I like using the carrot
since it's a natural sweetener.
I stripped off the thyme leaves, added salt and pepper, and cooked for about 7 minutes.
A can of tomato sauce went in and I simmered for about 5 minutes.
And here's my very flavorful tomato sauce. Now onto the hamburger mixture:
I added the chopped celery to the ground chuck.
I chopped cilantro and basil.
Cilantro and basil went in.
Then I added in a handful of partially cooked rice. (The rice instructions said to cook for 20 minutes. I simmered for only 7 minutes, since it was going to be cooked more in the oven.)
Mix by hand.
And the hamburger/rice/herb mixture went into a RED pepper.
Stuffed hamburger/rice pepper in sauce, ready to cook.
On to Stuffed Pepper #3 - Sloppy Joe Stuffed Pepper.
Enough ground beef to fill the pepper. 1/4 onion, chopped 1/2 tsp granulated garlic 1/2 cup ketchup 1 tsp yellow mustard 2 TB brown sugar 1 tsp Hot Hungarian Paprika salt and pepper
I seasoned the hamburger meat with the spices and added the chopped onion.
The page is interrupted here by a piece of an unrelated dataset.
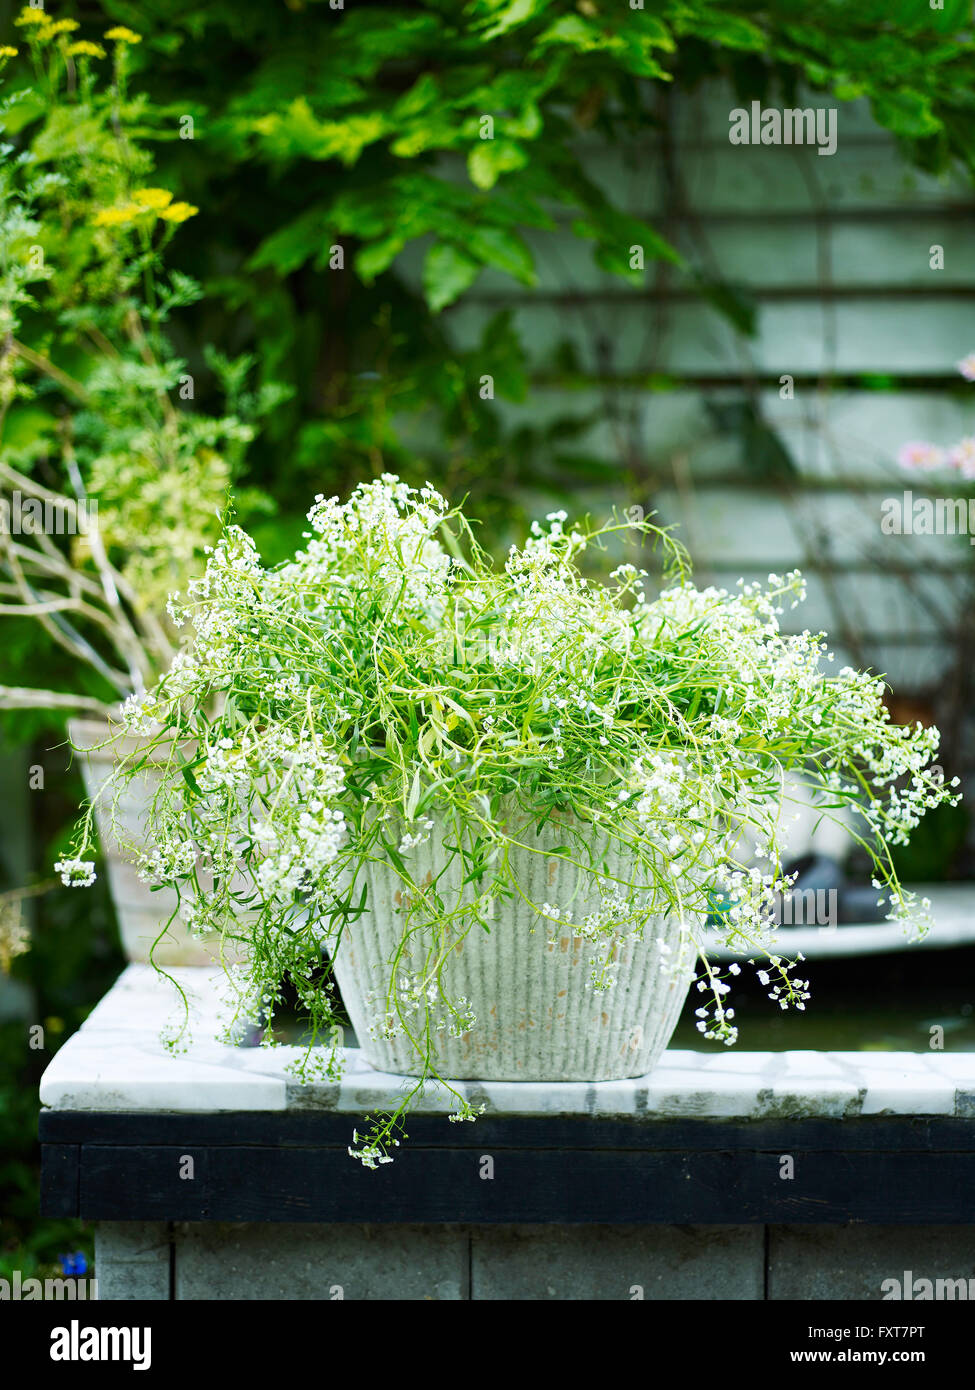 Garden plant with white flowers in white plant pot Stock Photo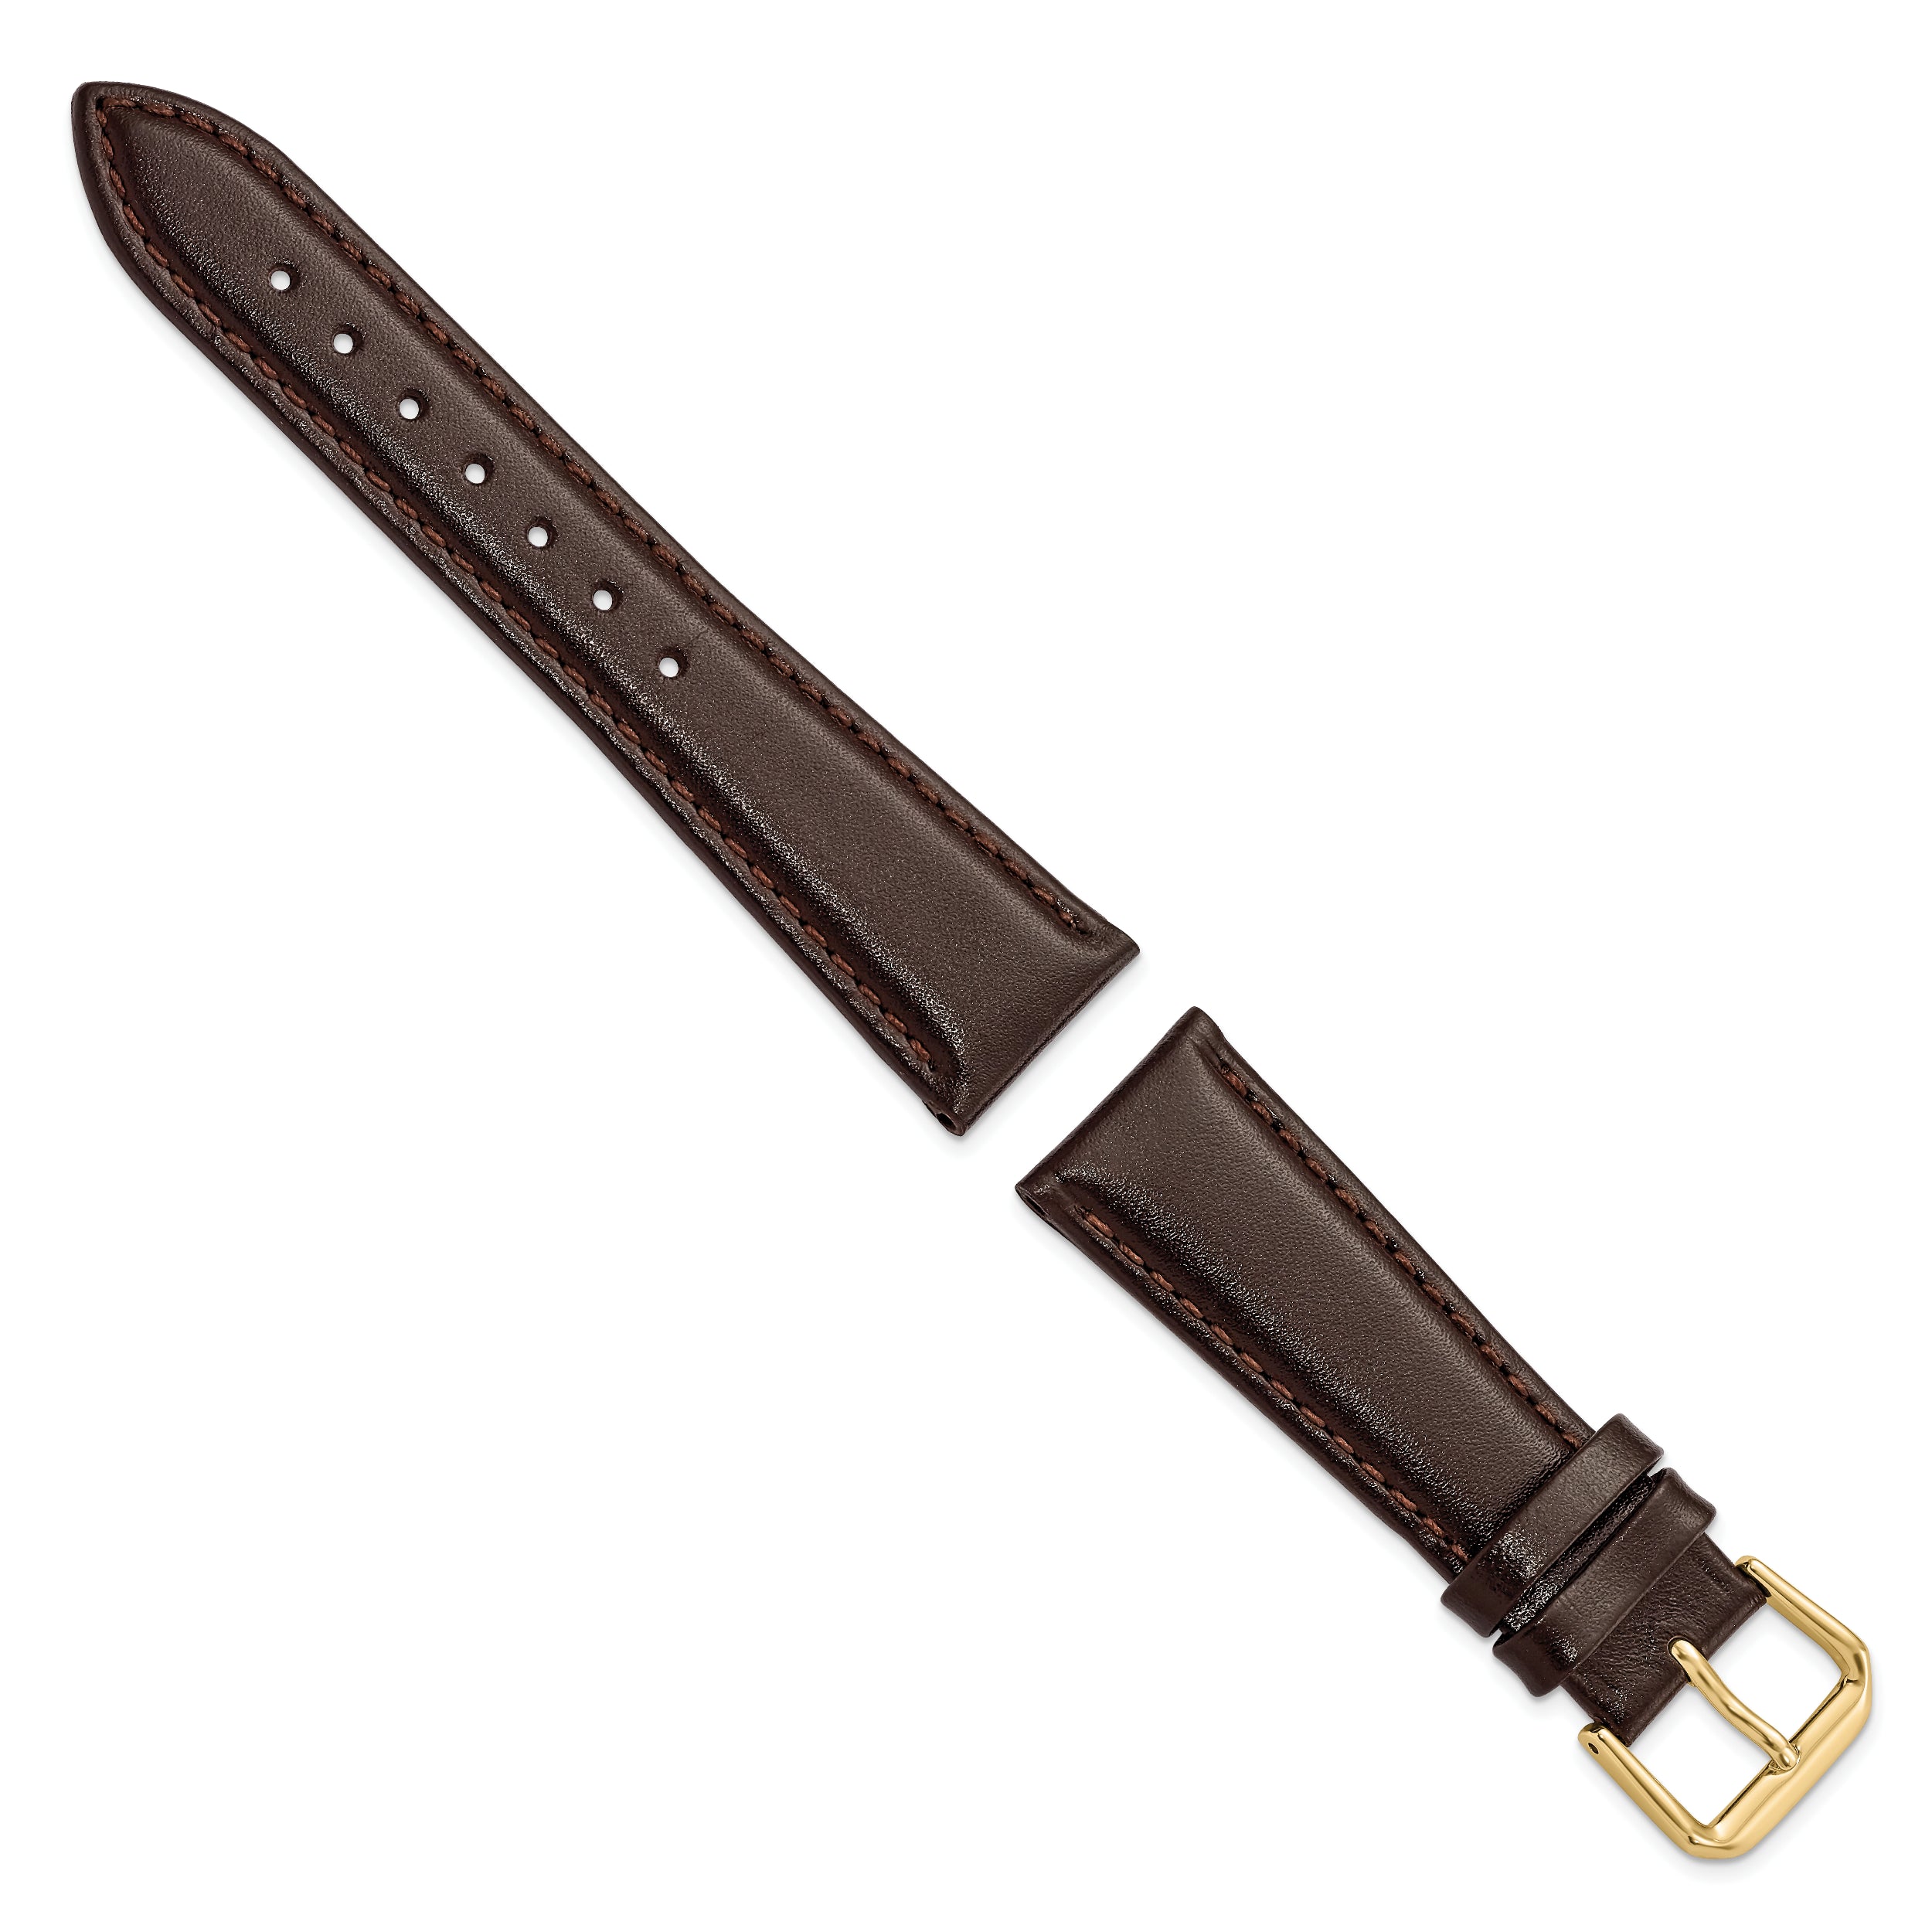 12mm Short Dark Brown Smooth Leather with Gold-tone Buckle 6.25 inch Watch Band

Mustard went in. I used Nine Fingers Montana Mustard, which is quite possibly the world's finest mustard. See, it says so right there on the bottle.
Added a bit more ketchup.
Brown sugar.
Again, mix by hand.
Sloppy Joe mixture got packed into a green pepper. Remember, I'm color coding.
Here are the first 3 stuffed peppers and my meatloaf ready to bake.
I added a little water to the pepper baking dish.
Notice I took the red pepper out of the sauce
and put it in with the water.
I am anticipating a grease issue
and didn't want a grease-filled tomato sauce.
I covered the peppers with foil
and put them and the meatloaf into a preheated 350 degree oven for one hour. Then I uncovered the peppers and cooked for about 45 more minutes, or until they registered 160 degrees on my thermometer.
While the first 3 stuffed peppers and the meatloaf were cooking, I prepared my last two stuffed peppers. Stuffed pepper #4: My Southwestern Stuffed pepper.
My ingredients: black beans rice green onion fresh corn can of diced tomatoes and green chilies cilantro cumin ancho chili powder Pepper Jack cheese salt and pepper orange pepper
I mixed equal parts black beans, fresh corn, and partially cooked rice.
I added about 1/2 tsp each of chili powder and cumin,
some salt and pepper, 
and the sliced green onion.
I added in about 1/2 can of the tomatoes and chilies.
I diced little pieces of the Pepper Jack cheese and added that to the mixture, along with some cilantro.
And I stuffed my orange pepper with the mixture. At this point, I knew this was going to be my favorite of the five.
I topped the pepper with slices of Pepper Jack cheese. And my Southwestern stuffed pepper is ready for baking.
Lastly, #5 pepper - an Indian inspired stuffed pepper. This particular Indian preparation is called Rajma. It's a kidney bean curry. And in Indian cooking, "curry" doesn't refer to the spice - curry powder. It refers to a combination of spices and flavors. I basically followed this recipe. And I don't even remember how I came up with Indian for this stuffed pepper. But it was inspired.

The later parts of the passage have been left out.